Jump to: Contemporary Music | The Theatre | Dance | Art | Classical Music | Movies


Contemporary Music

Illustration by Millie von Platen
Olivia Rodrigo, Sleater-Kinney, Davido

This spring—which features perhaps the most loaded concert lineup of the COVID era—jazz experimentalists both fresh and familiar put their work on display: Herbie Hancock, a pop-bop legend of many innovations, brings his piano flair to Lincoln Center (March 26), and Jasper Marsalis, under the name Slauson Malone 1, explores intersections of pop music and performance art at the Park Avenue Armory (March 27-28). Other options range from the traditional (the saxophonist Melissa Aldana at Dizzy’s Club; April 10) to the progressive (the modern soul man BJ the Chicago Kid at Blue Note; April 30-May 5).

In other venues, pathfinders who have defied and defined genres reveal their various breakthroughs. Brooklyn Steel welcomes the Scottish fringe-rap group Young Fathers (April 4) and the pop-rock reformist Amen Dunes (May 15). Woods and Avey Tare, indie needle-movers since the mid-two-thousands, co-headline Knockdown Center, joined by the New Age guru Laraaji (April 13). Helado Negro, on the heels of his wondrous new album “Phasor,” brings Latin folk-pop to Webster Hall (April 24). The Brooklyn native L’Rain, now with three albums’ worth of avant-garde soul, celebrates a homecoming at Bowery Ballroom (May 9).

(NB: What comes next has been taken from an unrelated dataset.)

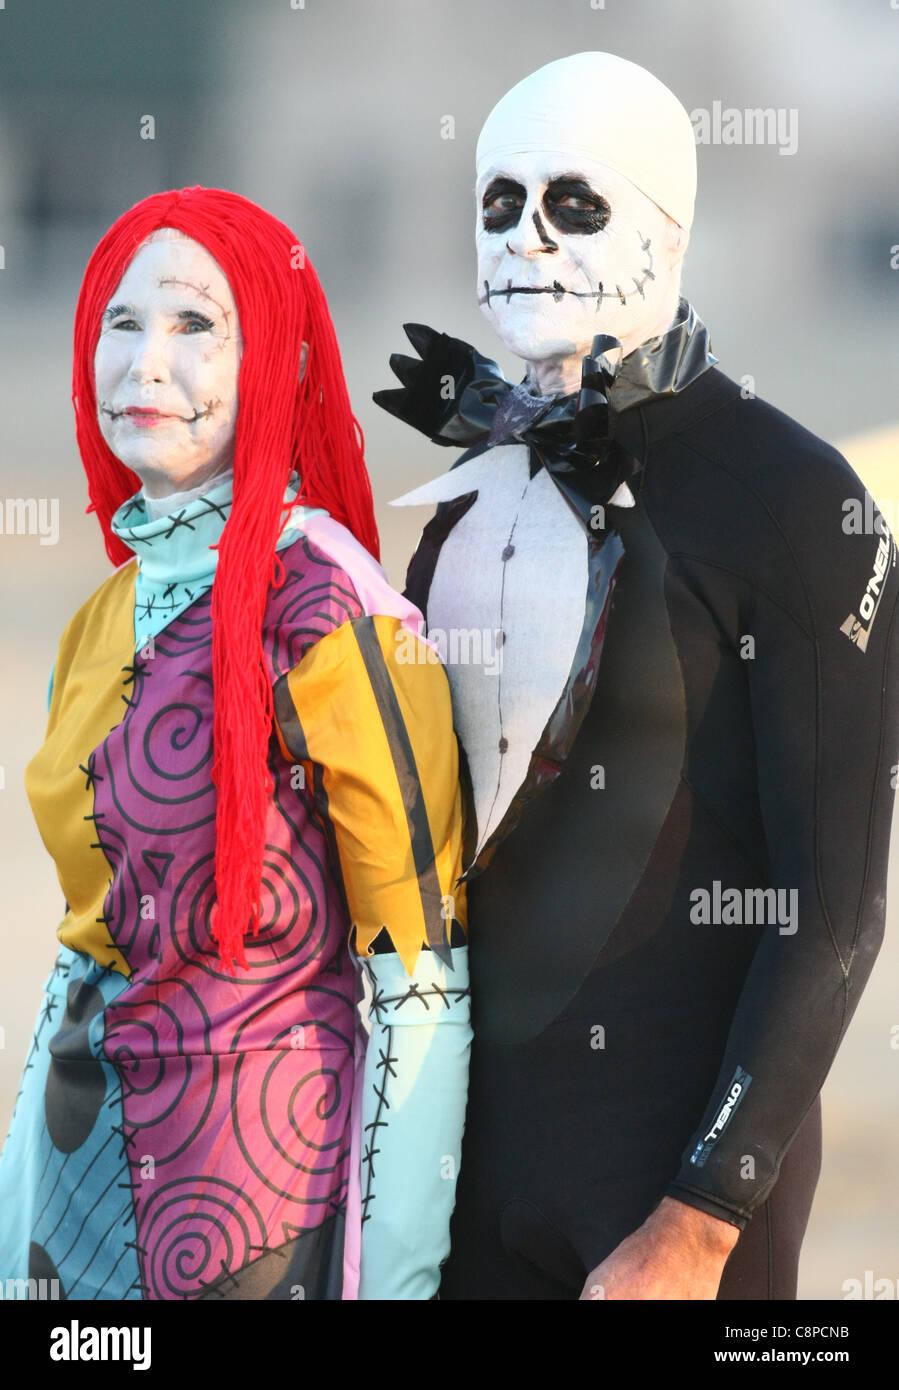 Nightmare Before Christmas Halloween Couple Costumes | www ...

The historic Brooklyn Paramount Theatre reopens with a medley of shows. The U.K. dance revivalist PinkPantheress teams up with the emergent plugg envoy Bktherula (April 14-15), sharing music of the Web with IRL audiences. On April 21, the explosive rapper Busta Rhymes runs through a catalogue spanning nearly four decades. On April 26, the experimental electronic artist and score composer Daniel Lopatin surveys the many revolutions of his music as Oneohtrix Point Never, and a day later Katie Crutchfield débuts songs from “Tigers Blood,” her latest album as Waxahatchee.

At Madison Square Garden, two distinct and distinguished pack leaders with strong brands make cases for their primacy: Olivia Rodrigo (April 5-6 and April 8-9), who solidified her standing with the pop punk of her 2023 album, “Guts,” and Davido (April 17), arguably the most popular progenitor of modern Afrobeats. At Radio City Music Hall, the Icelandic TikTok sensation turned Grammy winner Laufey restores traditional pop for a new generation (May 3-4).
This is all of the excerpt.